Any particular reason for choosing Tramshed?
I mentioned to my mum that we were playing there and she said my great-grandfather worked there. My mother’s side of the family are all from Grangetown and the other side are from Canton. I was born in Cardiff, Rhiwbina then we moved… well my parents seemed to move round South Wales. We seemed to move house every year… Newport, Caerphilly, Ystrad Mynach, Bridgend… I did spend a bit of time in Cwmbran… [chuckles] just laughing at all the glamorous places I’ve lived. My great-grandfather lived on Hereford Street. He had a lighter gas lamp job in Grangetown. The other was a tram conductor /engineer who would have worked at the Tramshed when it was a working tramshed. I thought it would be pretty cool to go back and play there… quite exciting for me.

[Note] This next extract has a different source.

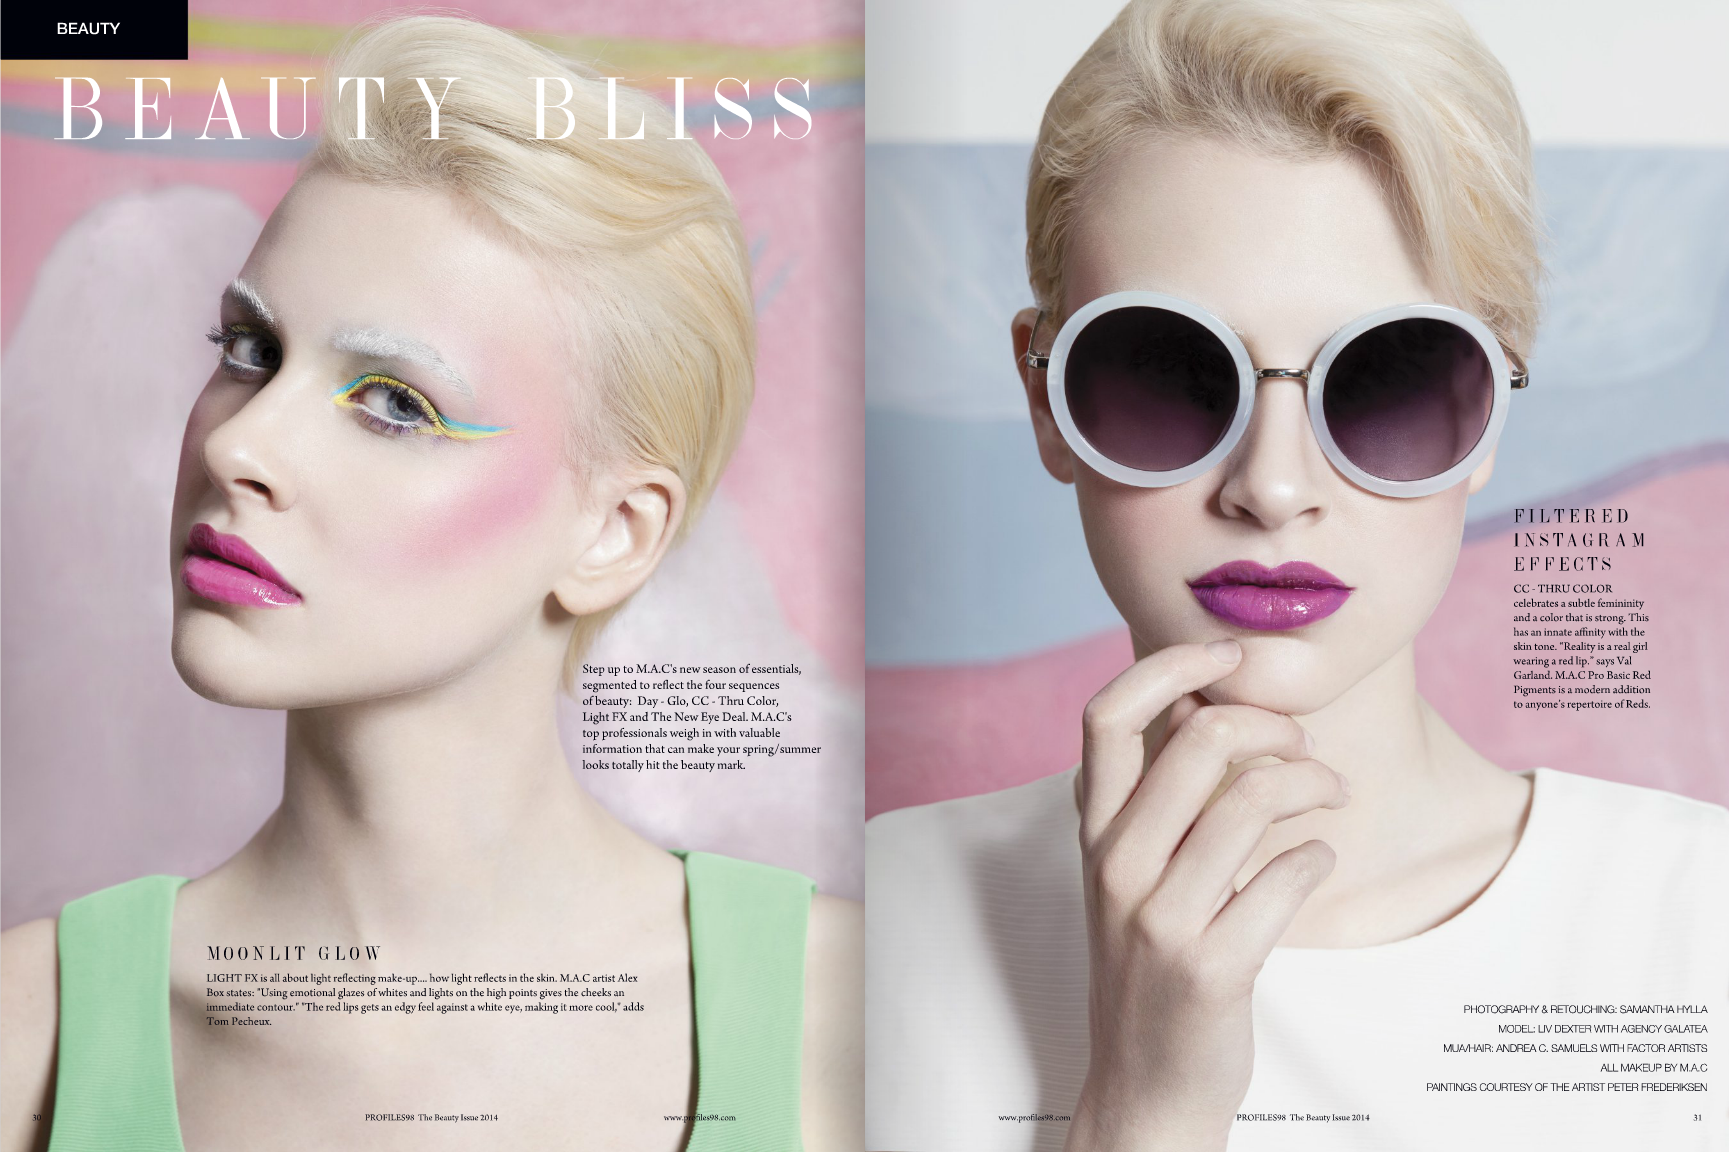 Profiles Magazine - Samantha Hylla

Is there a big difference between Cardiff culture and valleys culture?
My passion was pop music when I really little, and I guess what you broadly would call rock music by the time I was in my teens, being as old as I am now. Back then in the places I mentioned, there weren’t many bands around. I’m not sure how well the visual arts were encouraged or represented, I had a sense that South Wales was poorly culturally represented. Ambitions in that direction were thwarted. In previously generations my family were very culturally active. My great-auntie Green was a pianist in a Cardiff dance band in the 40s called the Rolling Stones, the original Rolling Stones were from Cardiff! Why I am digressing to that? In the 60s when I was growing up and going to school, there was very little encouragement. I don’t remember there being many bands, not like it is today. It seemed that culturally there was fuck all going on. I don’t think Raymond Williams would be very impressed with that answer.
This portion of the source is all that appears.